第31話 リバーサイド・チェイス
「どうやら蹴散らした連中は追ってこないようだな」
医療施設の敷地を出てジーナたちの居場所へ移動しながら、俺は後方の気配を確かめた。
「ピート、赤い印の場所まであと少しよ。姿を見かけたら合図して」
無人の往来を抜け、角を三つほど折れたところでキャサリンが言った。
「わかった。ガフは俺でなくてもわかるほどクラシックなタイプの車だ」
死んでも見逃すまい、そう胸に言い聞かせながら俺はガフたちのいる小路を目で探した。
「あそこを右に折れた場所が、マーカーの位置だわ」
あそこか、二人が三日間、隠れていたのは。俺が曲がり角に目線をやった、その時だった。急いたようにアクセルを踏みこむ音と共に、角から見覚えのある車両が姿を見せた。
――ガフ?
キャサリンが急ブレーキを踏むのとほぼ同時に、ガフを追うように角からパトカーが姿を現した。思わず後ろから中を覗きこんだ俺は「APだ!」と叫んでいた。
「あのパトカーを追ってくれ、キャサリン」
「オーケー、ボス」
俺が叫ぶと、キャサリンはいきなり加速を始めた。
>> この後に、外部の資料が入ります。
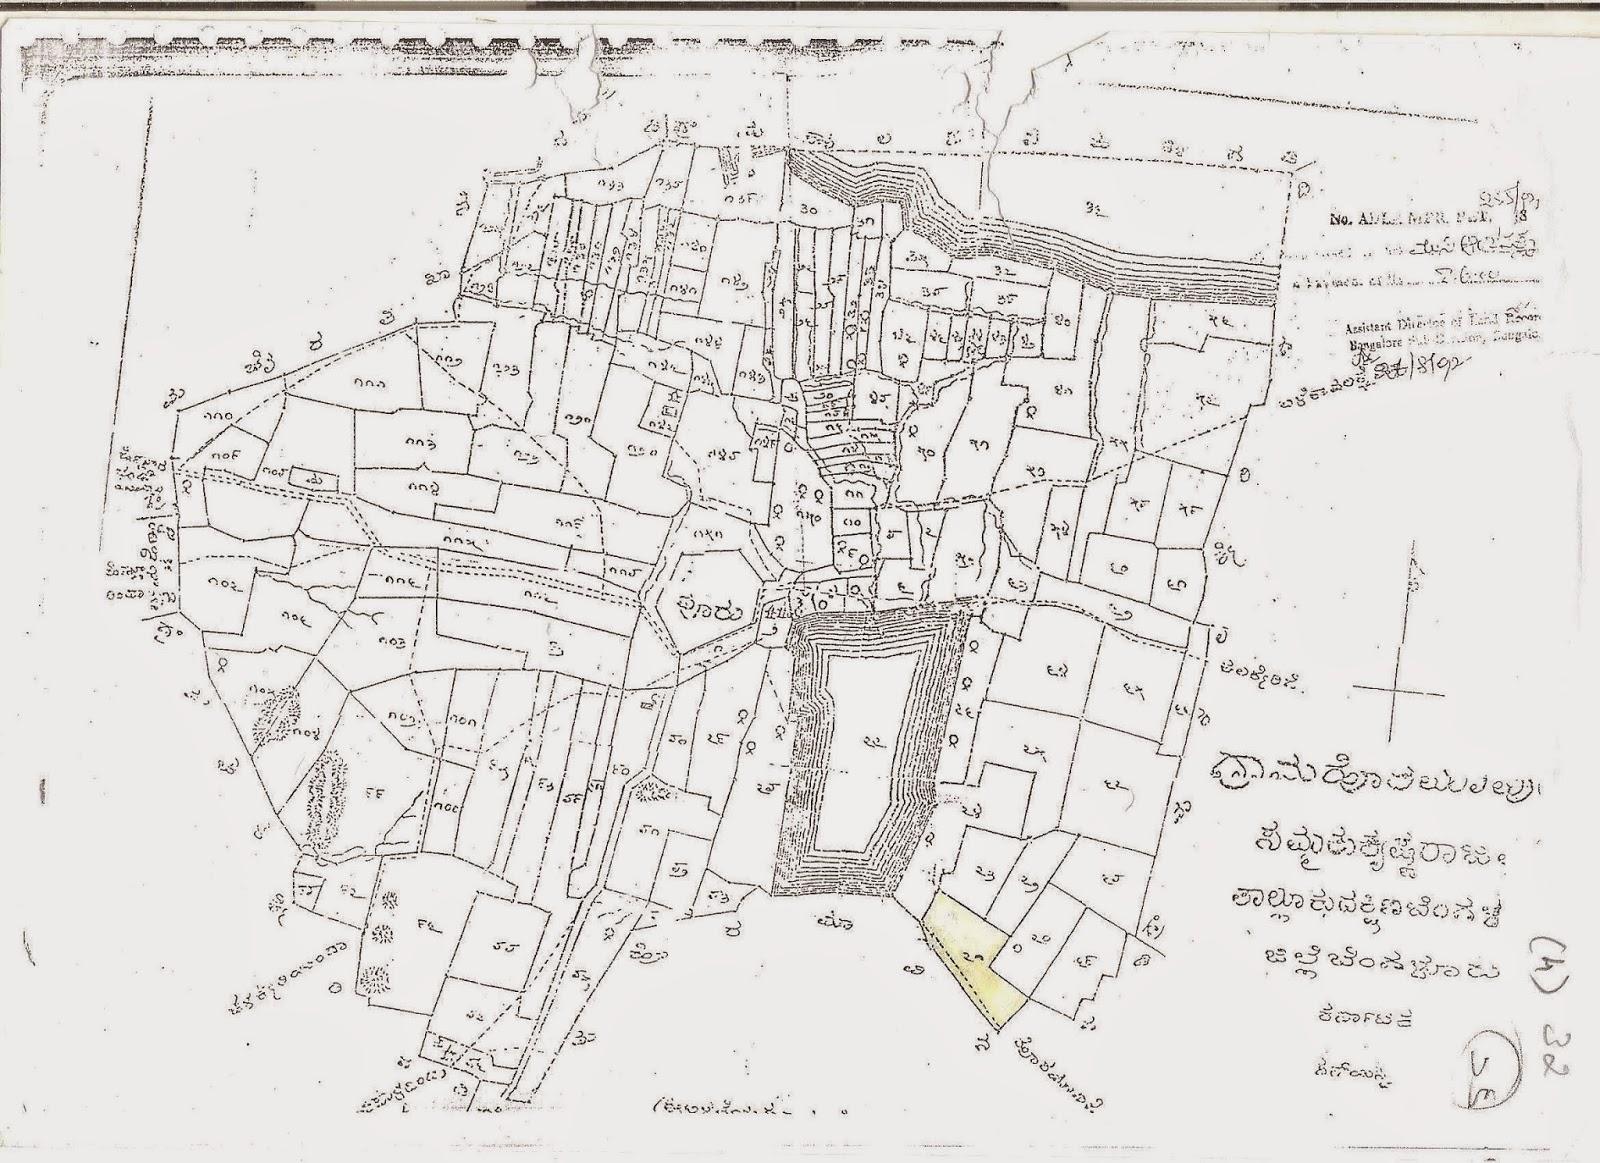 Village map with survey numbers karnataka

一瞬だが、パトカーのリアウィンドウからジーナの背中が素通しで見えた。ということはつまり、あのパトカーは人間の乗っていないAPだということだ。
「ピート、見つかっちまった!とりあえず逃げるよ」
ジーナの切迫した声が端末から飛びだした。俺は「後ろのパトカーだな?俺たちも追ってる最中だ。少しの間、頑張って持ちこたえてくれ」と早口で応じた。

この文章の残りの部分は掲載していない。